:: RECORDS TO USE

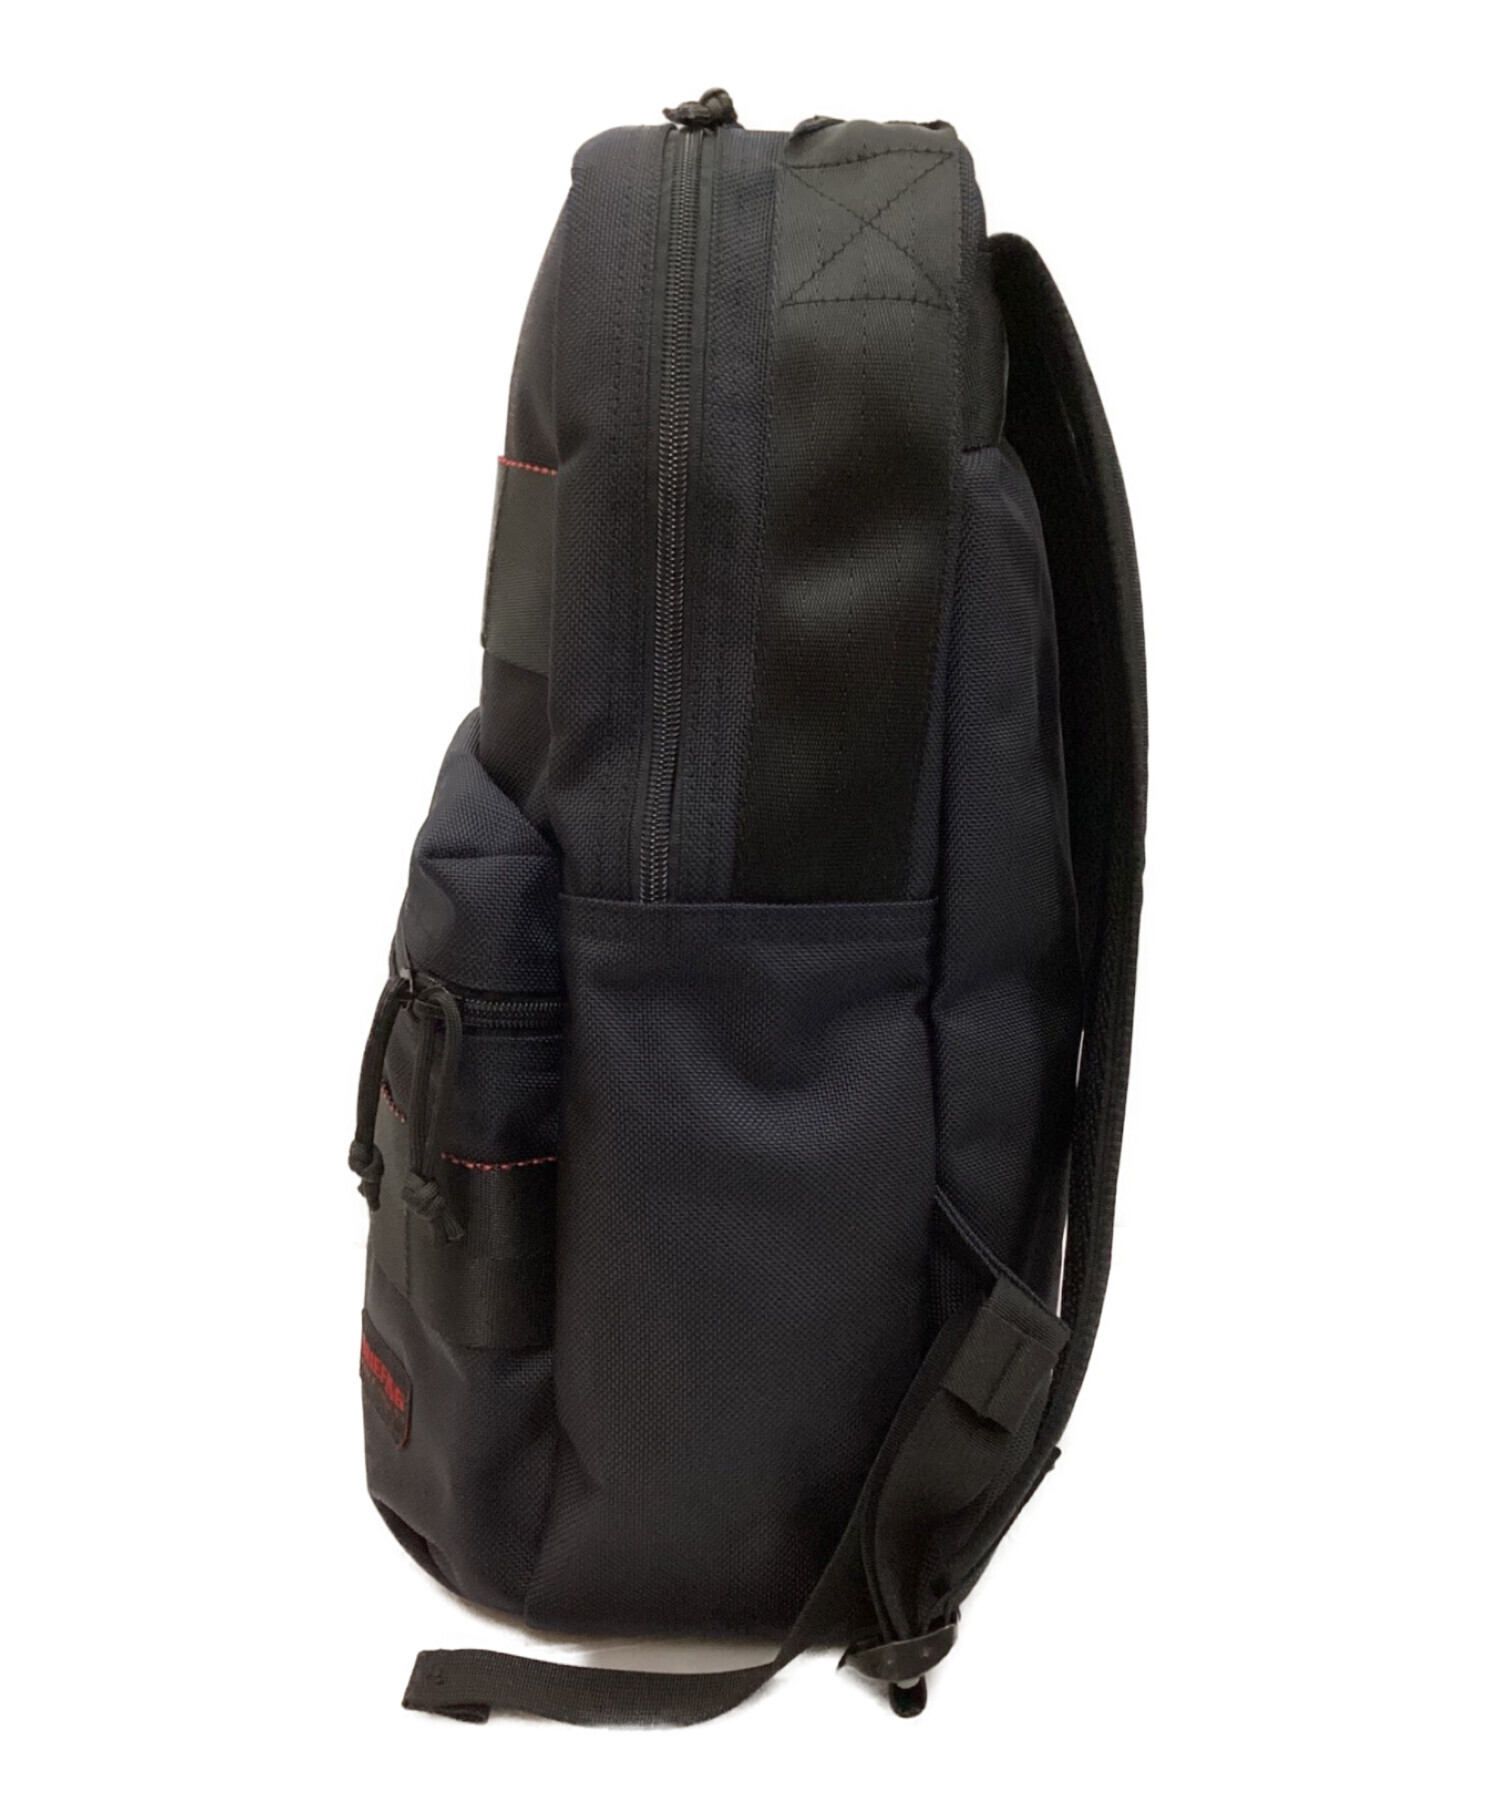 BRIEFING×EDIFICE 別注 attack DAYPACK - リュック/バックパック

::::
:: RECORDS TO USE

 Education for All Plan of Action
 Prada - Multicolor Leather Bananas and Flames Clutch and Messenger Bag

::::
:: RECORDS TO USE

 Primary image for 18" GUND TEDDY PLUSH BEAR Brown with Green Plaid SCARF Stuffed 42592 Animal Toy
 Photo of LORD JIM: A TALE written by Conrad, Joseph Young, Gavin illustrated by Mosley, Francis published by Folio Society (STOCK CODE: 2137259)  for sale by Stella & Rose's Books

::::

* YOUR ASSIGNMENT
All that belongs in the answer is the run of lines above from the line containing "Education for All Plan of Action" through the line containing "Prada - Multicolor", exactly as written.

* ANSWER TO THIS PROBLEM
 Education for All Plan of Action
 Prada - Multicolor Leather Bananas and Flames Clutch and Messenger Bag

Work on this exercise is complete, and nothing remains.